====== AVAILABLE DATA ======
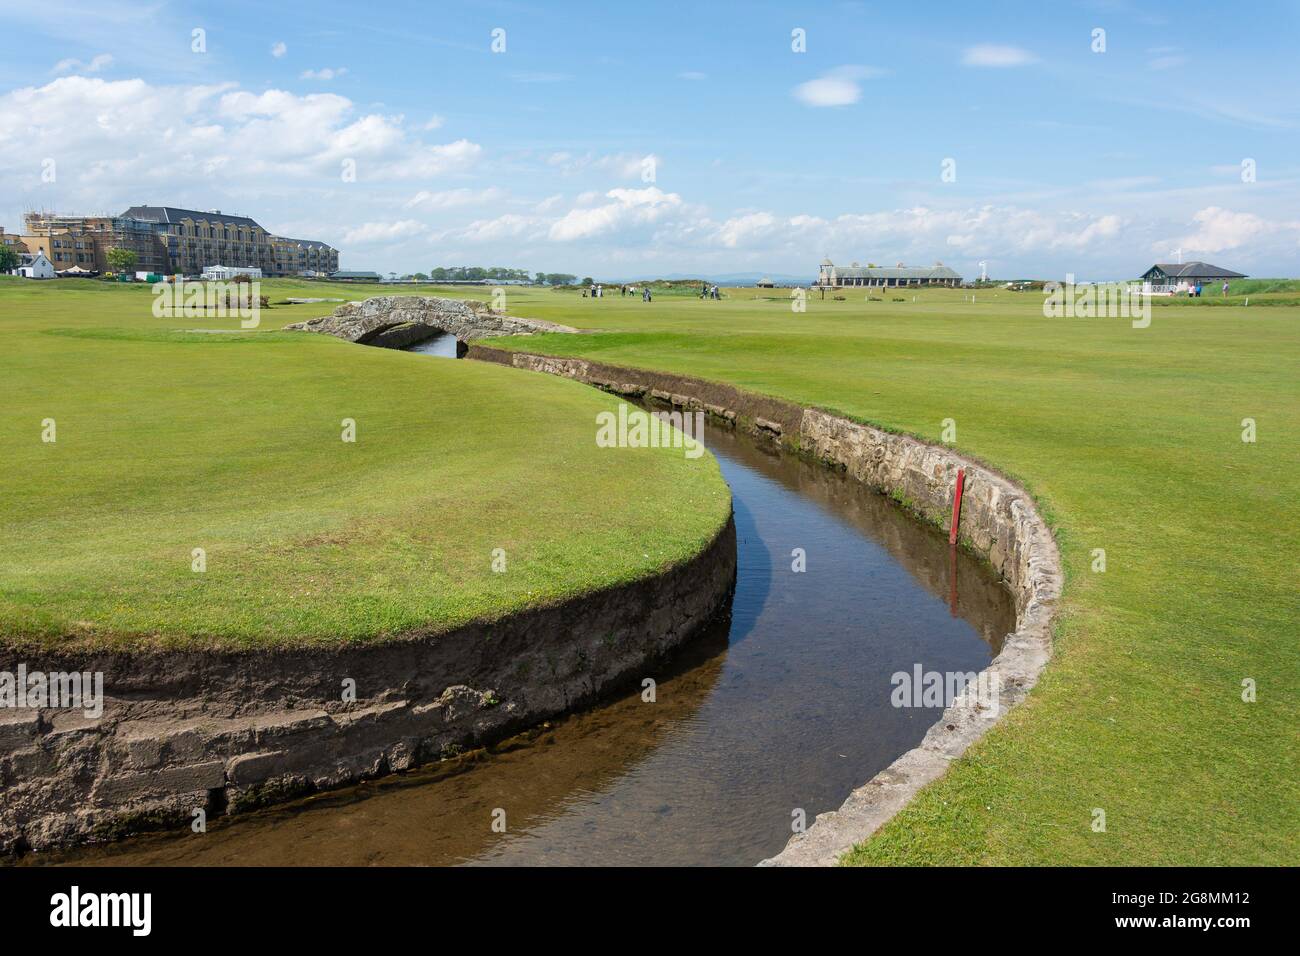 Le pont Swilcan sur le 18e fairway, le Old course, le Royal and Ancient Golf Club de St Andrews, St Andrews, Fife, Écosse, Royaume-Uni Banque D'Images
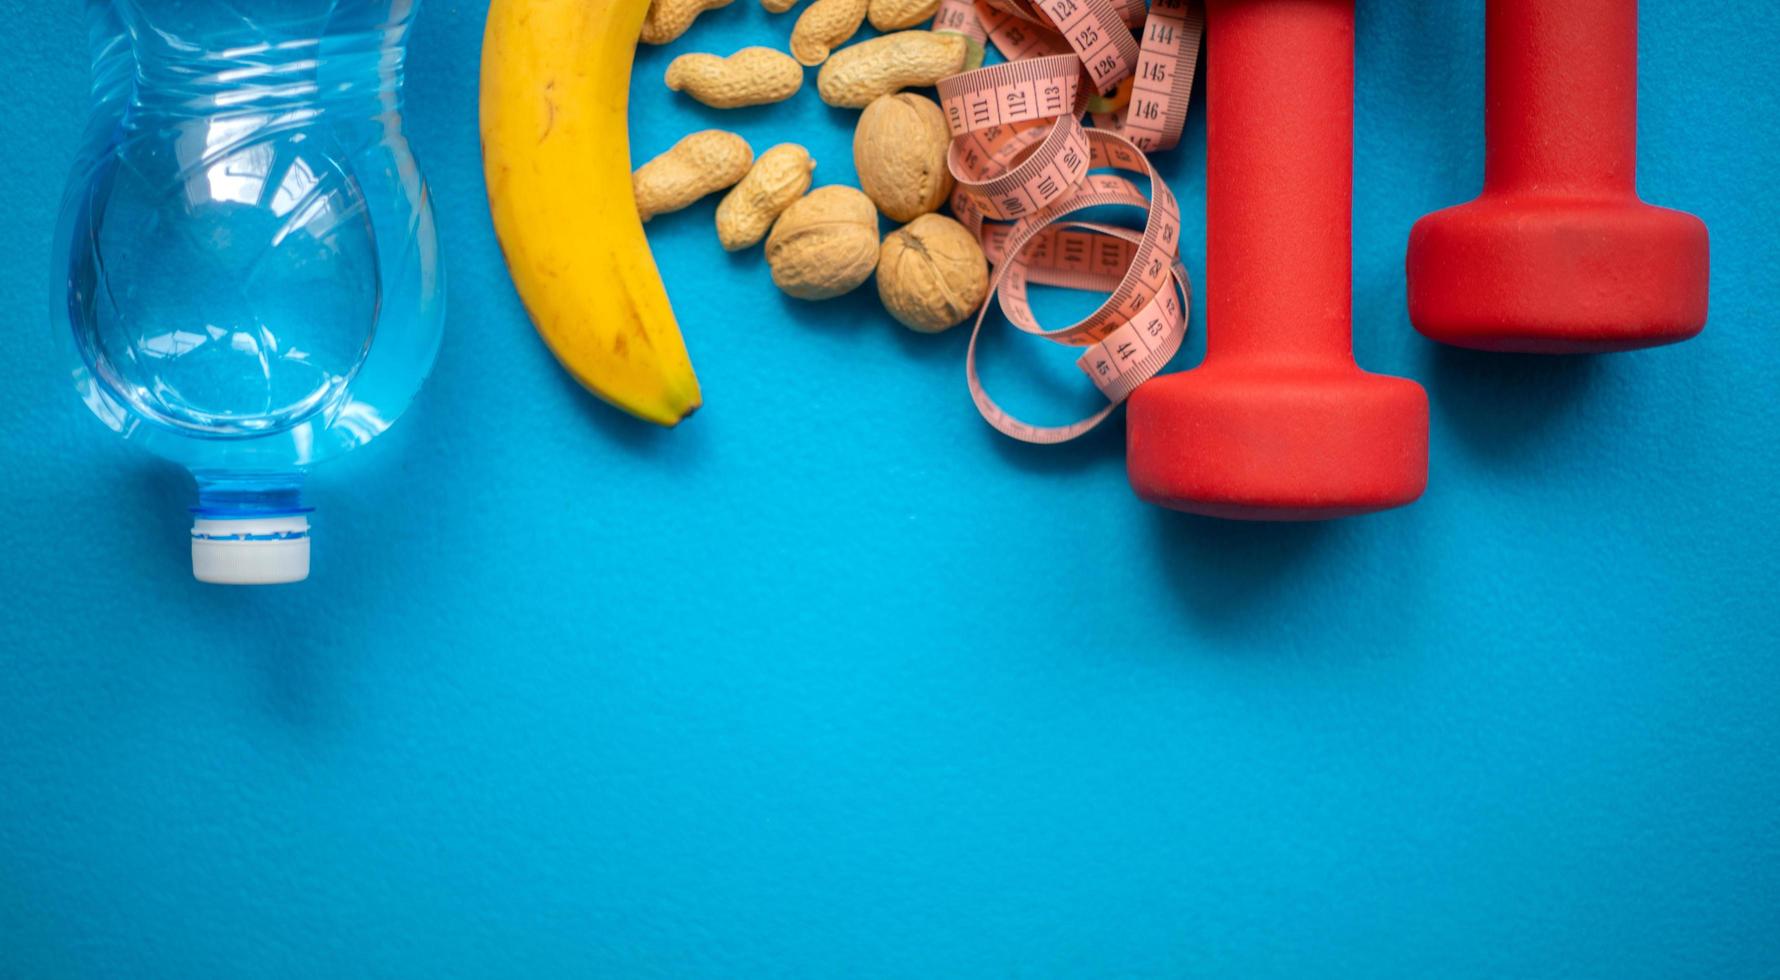 banana, noci, acqua, metro a nastro e manubri su sfondo blu. cibo e attrezzature per il fitness per uno stile di vita sano foto
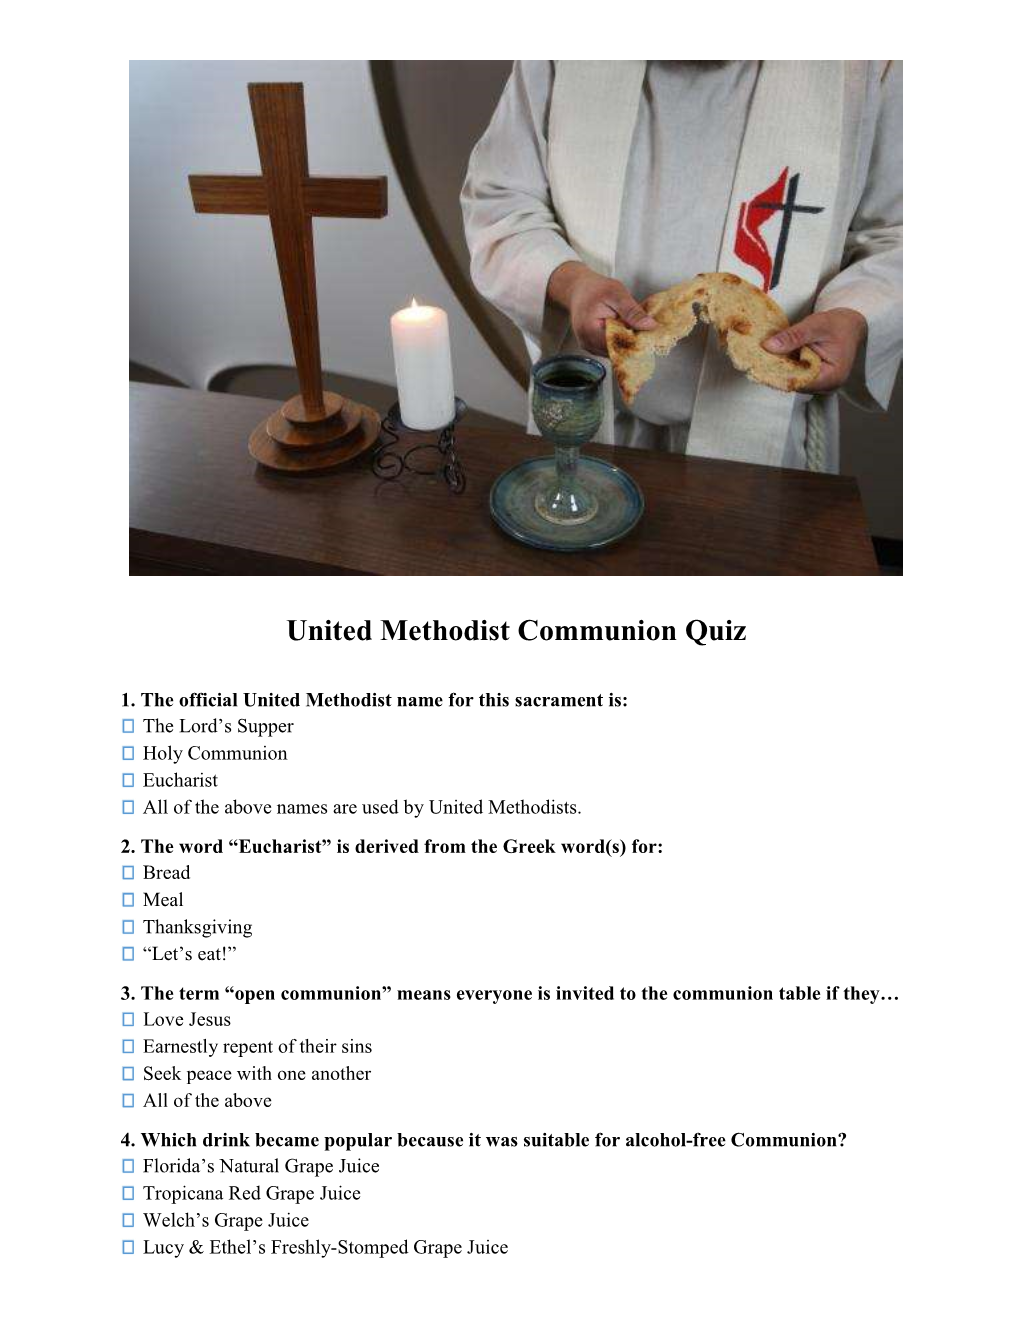 United Methodist Communion Quiz
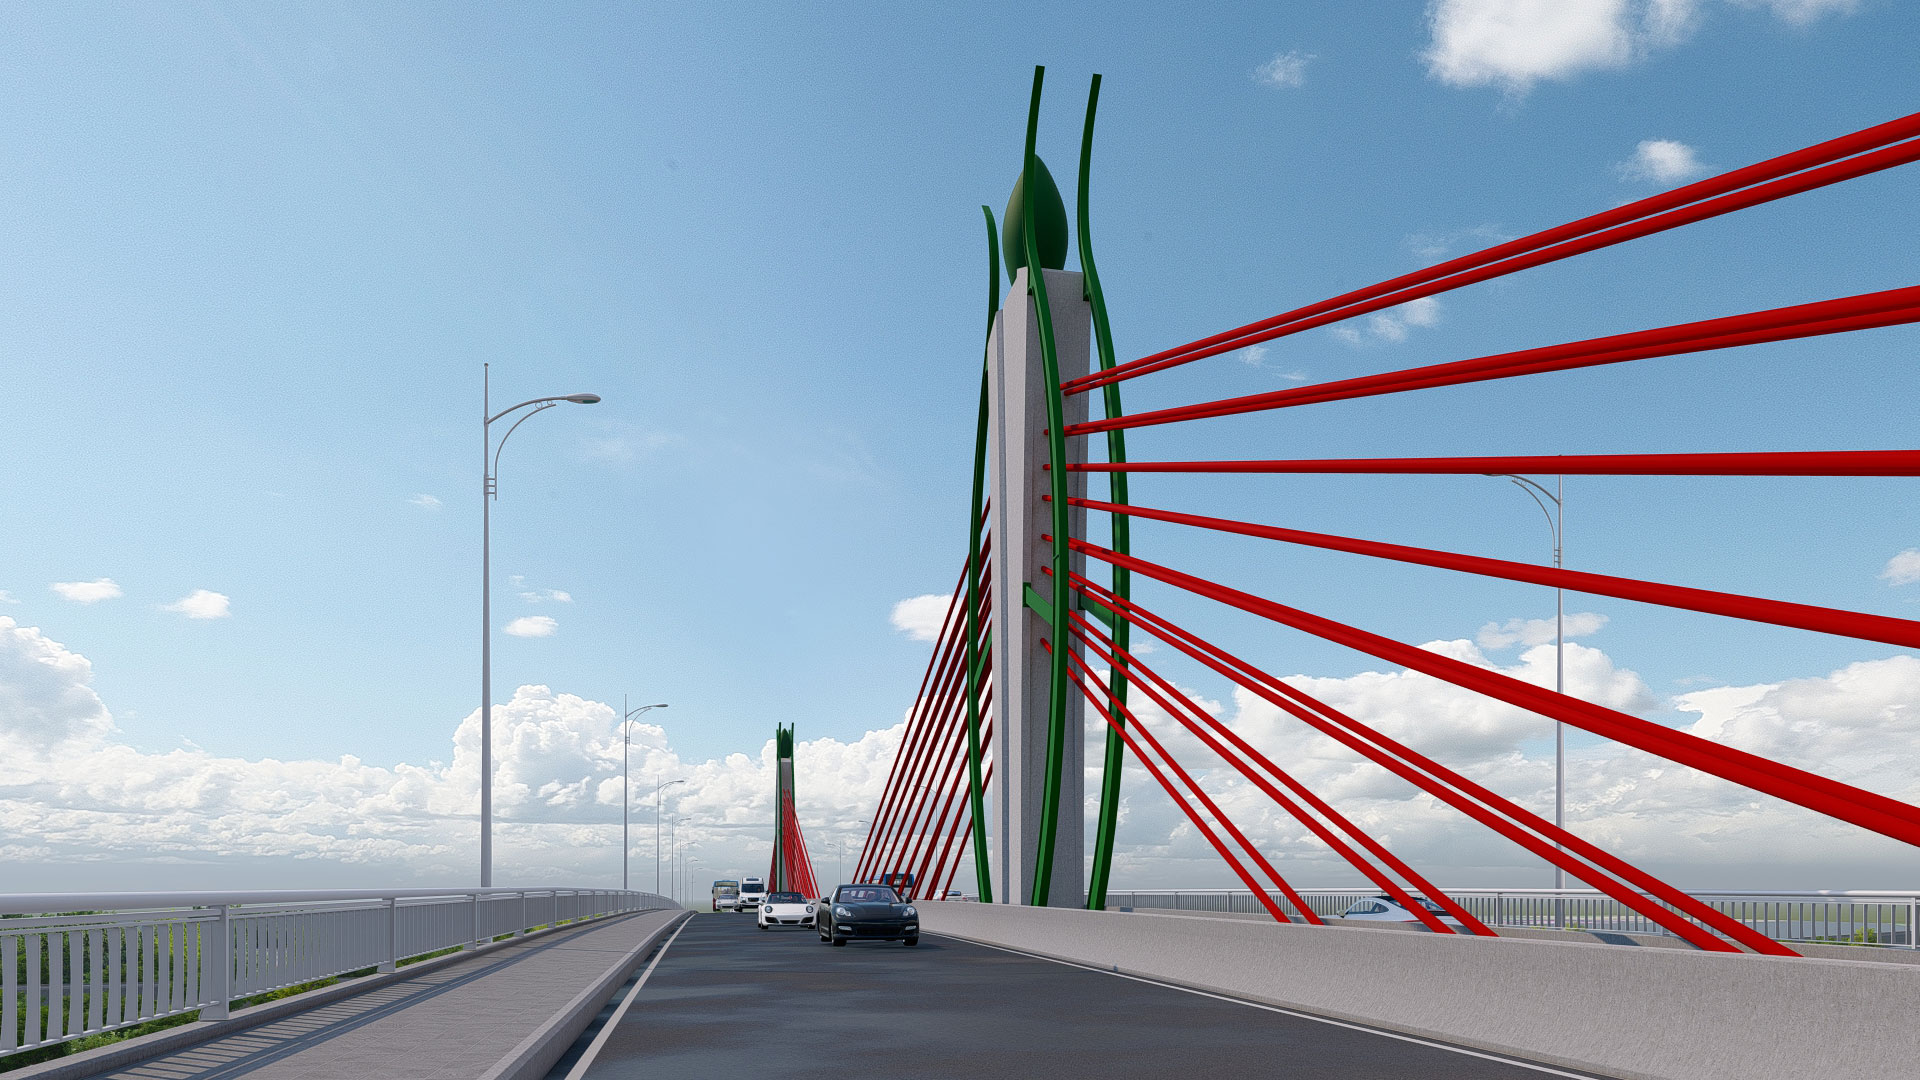 完成之后，况上桥将为促进经济社会发展，为太原市都市创造现代面貌，为家七桥、潭象桥、高岸桥减少交通压力。
======
#### [TASK DESCRIPTION]
Leaving every picture aside, transcribe exactly the lines from the one that contains "United Methodist Communion Quiz" through the final line of the listing above, inclusive.

#### [RESPONSE TO THE TASK]
 United Methodist Communion Quiz
 完成之后，况上桥将为促进经济社会发展，为太原市都市创造现代面貌，为家七桥、潭象桥、高岸桥减少交通压力。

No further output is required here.